Under adverse conditions such as hypoxia, prolonged starvation [46], oxidative stress [47], or DNA damage, the chaperone Hsc70 binds different co-chaperones. Thus induce autophagy and protect tumor cells against cellular death.Furthermore, it was also reported that CMA is upregulated and required for the survival of breast cancer cells [48]. For examples ,some studies revealed that both the expression of HSPA8 (key proteins of CMA pathway) in breast cancer tissue samples were higher than the corresponding normal breast adjacent tissues from the same patient, indirectly suggesting higher CMA activity in tumor tissues [49].TNBC tumors are characterized by a more aggressive behavior and early relapse [50]. Higher levels of basal autophagy were found in the metastatic cell lines when compared to the non-metastatic, suggesting that autophagy could promote invasiveness and possibly increase tolerance to the cellular stress occurring during the metastatic process [51]. TNBC tumors are more hypoxic than non-TNBC and it has been suggested that they are less sensitive to hypoxic conditions because of perpetually higher levels of autophagy [52]. Therefore, we speculate that the overexpression of HSPA8 promotes the process of autophagy, which leads to the malignant transformation of TNBC.
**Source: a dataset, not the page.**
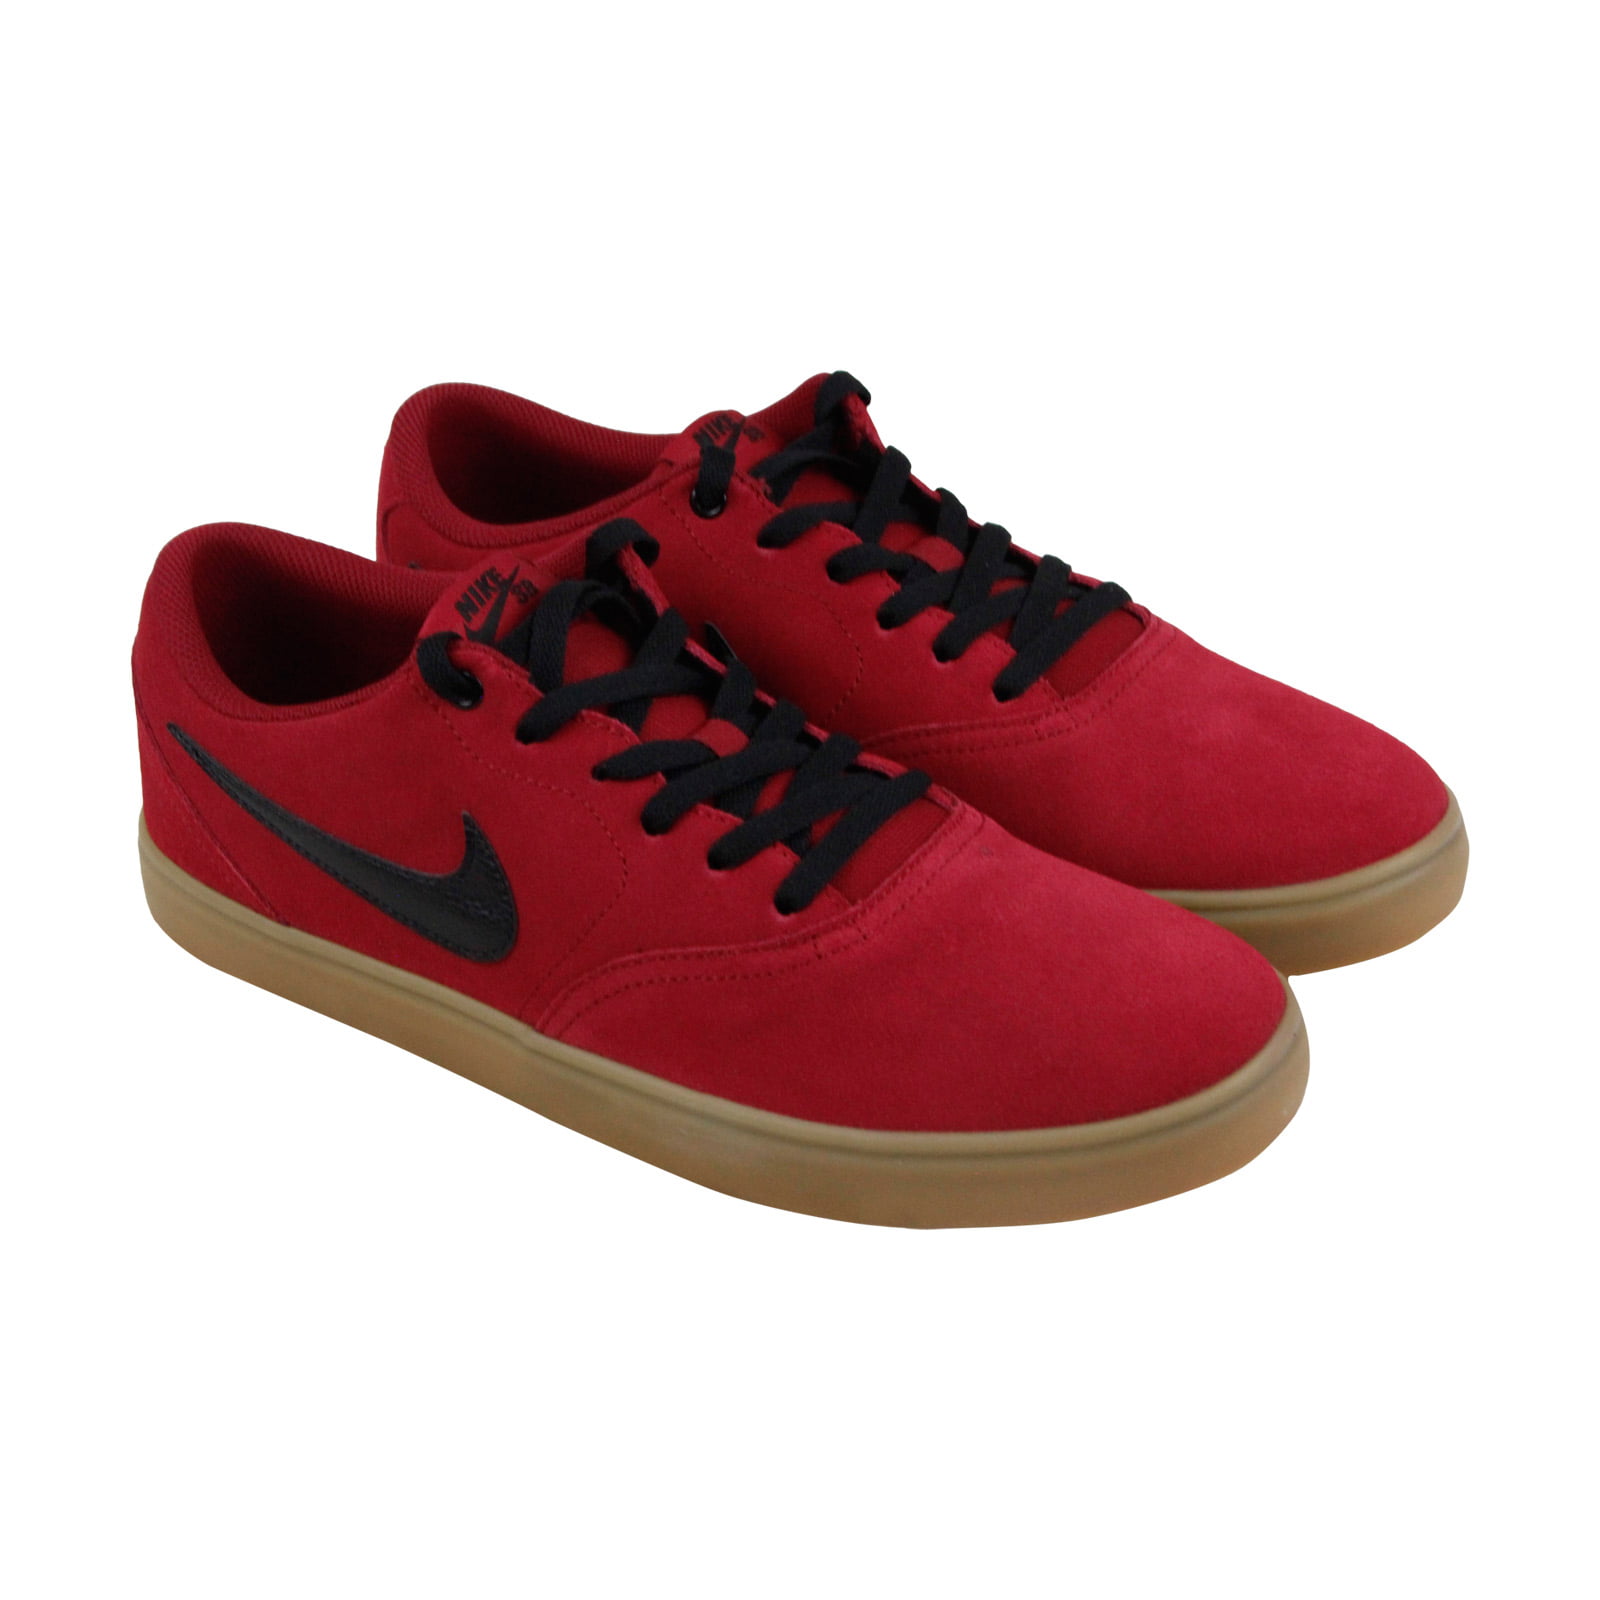 Nike - Nike Sb Check Solar Mens Red Suede Sneakers Lace Up ...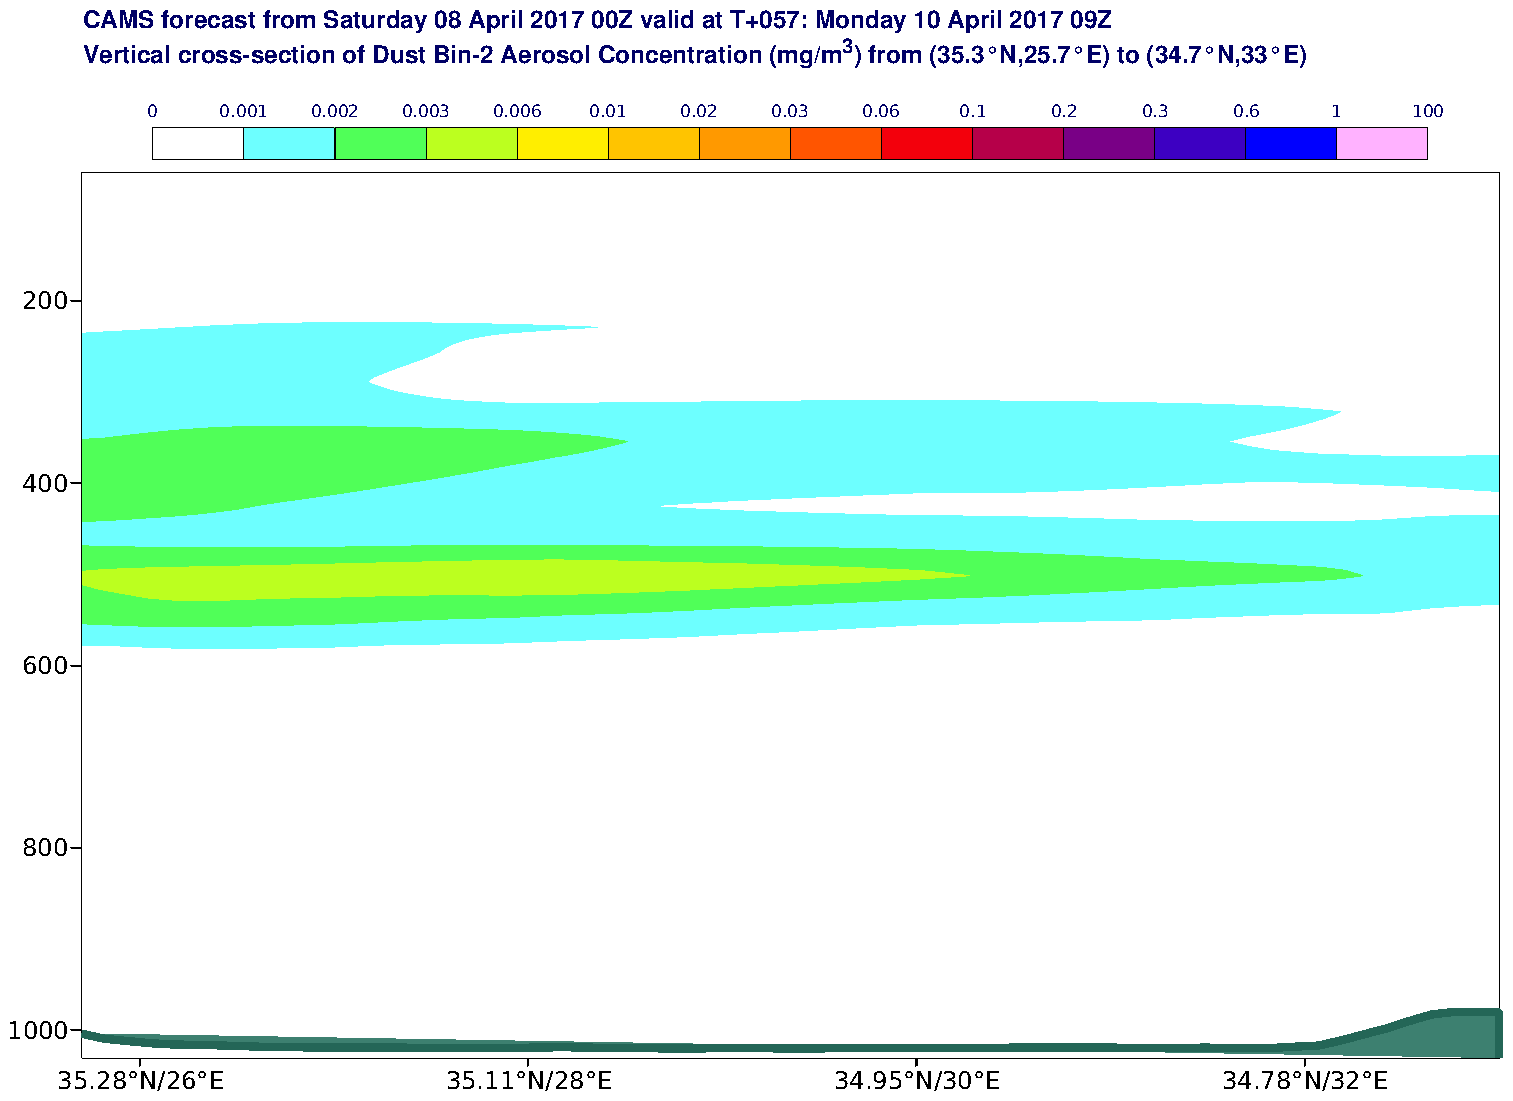 Vertical cross-section of Dust Bin-2 Aerosol Concentration (mg/m3) valid at T57 - 2017-04-10 09:00

An increasing body of evidence supports the hypothesis that immune cell infiltration influences the occurrence and progression of cancer, which adversely affects clinical prognosis and immunotherapy effectiveness [53]. According to related studies, it has been found that HSPA8 is related to neurodegenerative diseases, cardiac diseases, stroke, metabolic diseases, cancer, asthma, aging and others [54][55][56][57][58].And HSPA8 expression has been found to change in many immune diseases.For example, flow cytometry research have clarified increased expression of HSPA8 on B cells, T cells, specifically activated T cells and CD11b + Gr-1 + granulocytes / macrophages in the spleen of MRL/LPR lupus susceptible mice [59][60].Another significant finding of this study was the relationship between HSPA8 mRNA and the degree of immune cell infiltration in TNBC.HSPA8 mRNA expression was significantly associated with the abundance of CD8 + T cells,B cells,neutrophils, monocyte, macrophage,and especially CD4 + T cells.Previous researches have illuminated that HSPA8 plays a central role in different key steps of polypeptide antigen presentation by CD4 + T cells, which may regulate the activation of T and B cells and the final secretion of antibodies by plasma cells [61][62][63][64][65][66][67][68]. Consistent with the above information, we revealed that HSPA8 expression was increasely associated with the infiltration of CD4 + T cells in TNBC.Udono and Srivastava have shown that HSPA8 in tumor cells binds to tumor-specific antigenic polypeptides to facilitate their recognition by the host immune system [69]. HSPA8 can also induce maturation of antigen-presenting cells, promoting the transformation of Th cells into Th1 cells, directly activating TCRγδT cells and natural killer cells [70].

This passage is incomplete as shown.